CDX-301g · Module 2
Context Budgets & Window Management
3 min read
Every agent has a finite context window, and effective partitioning requires budgeting that window. A typical Codex agent has 200k tokens of context. Subtract the system prompt (~2k), AGENTS.md (~1-3k), conversation history (grows with each turn), and tool call overhead (~500 per call). The remaining budget — your effective working context — is what the agent uses to read files, reason about code, and produce output. Overcommitting the context budget leads to truncation, summarization, and degraded output quality.

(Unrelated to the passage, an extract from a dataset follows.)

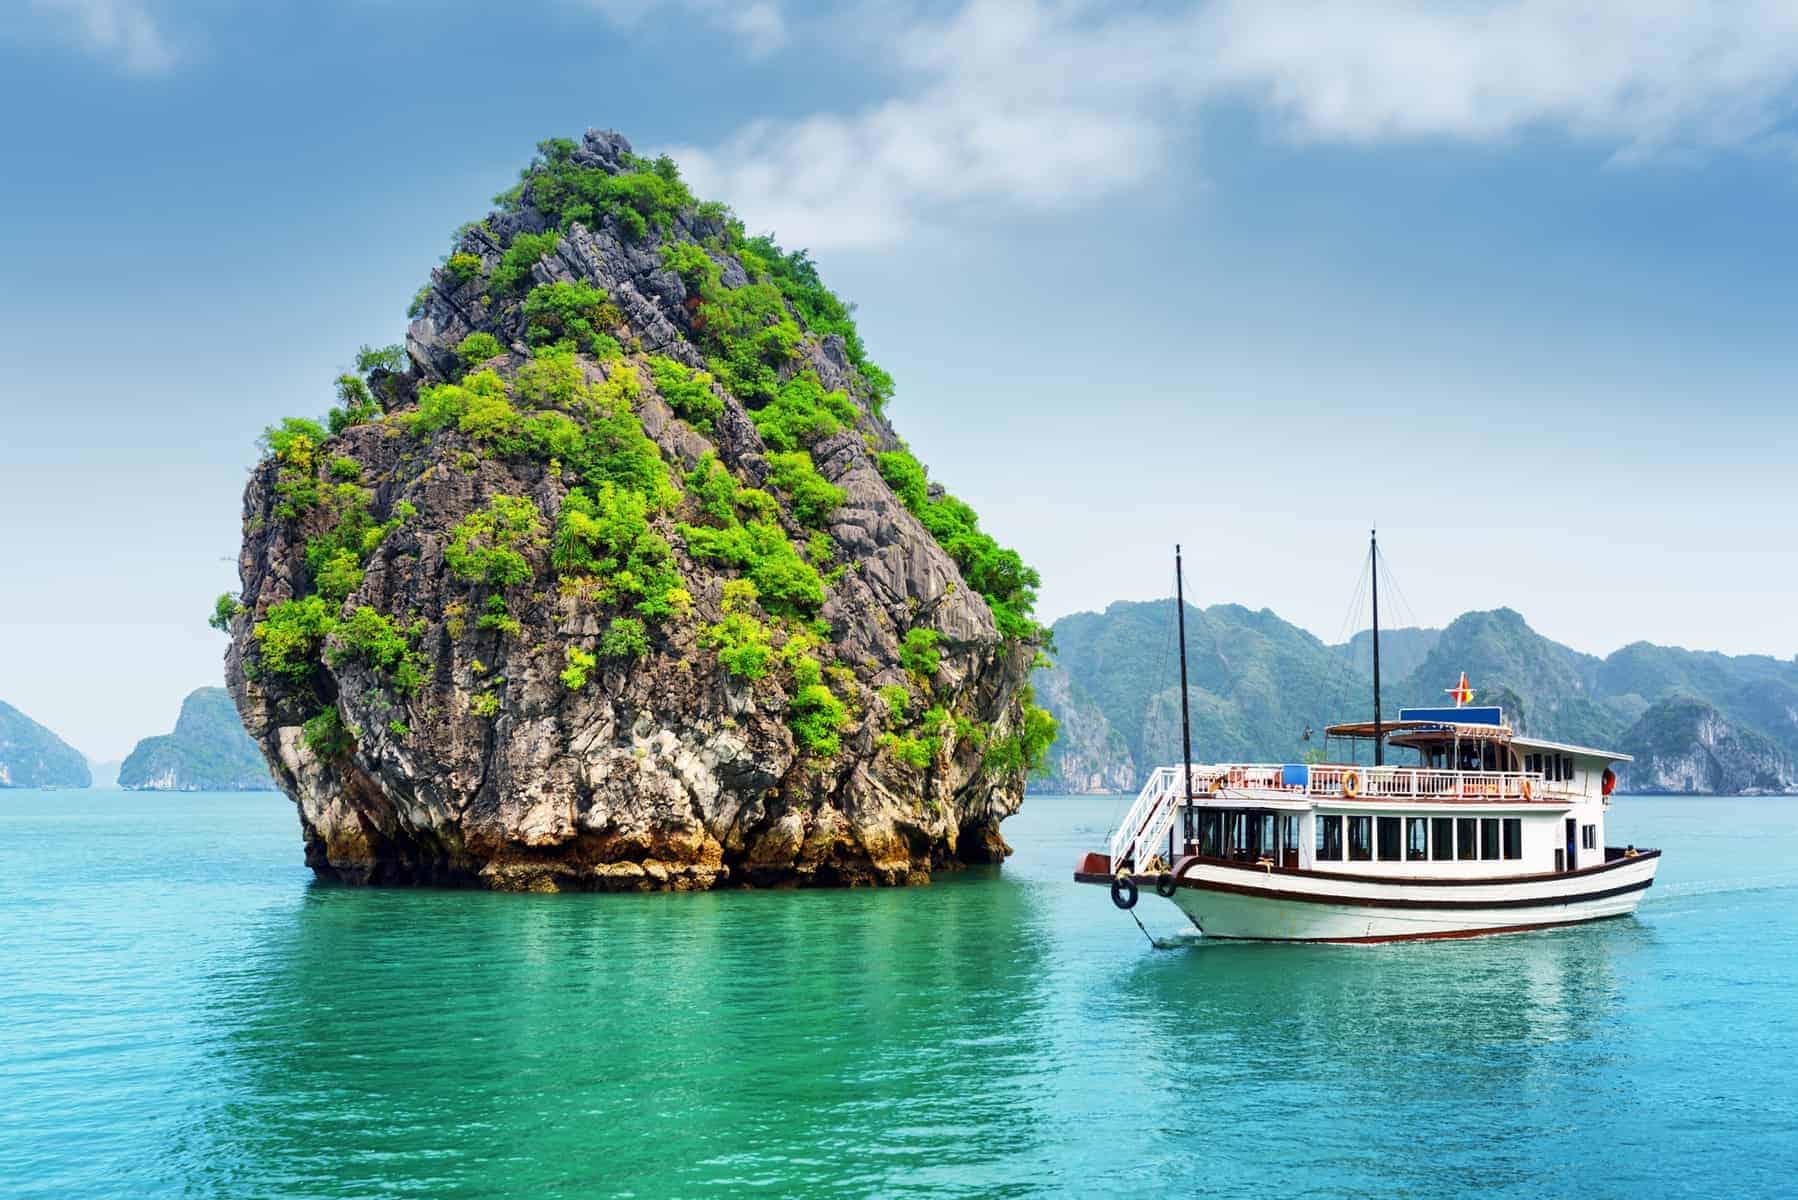 Ha Long Bay i Tonkin, the South China Sea, Vietnam. The Halong Bay is a popular tourist destination of Asia

Context budgeting has a practical implication for task decomposition: tasks that require reading large codebases must be split into smaller units, not because the work is complex but because the reading exceeds the context budget. An agent that needs to read 50 files to understand a refactoring target will exhaust its context before it starts writing code. The fix is to decompose by context budget: each agent reads only the files it modifies, plus the minimal shared context it needs for type checking.
# Context budget allocation (200k window)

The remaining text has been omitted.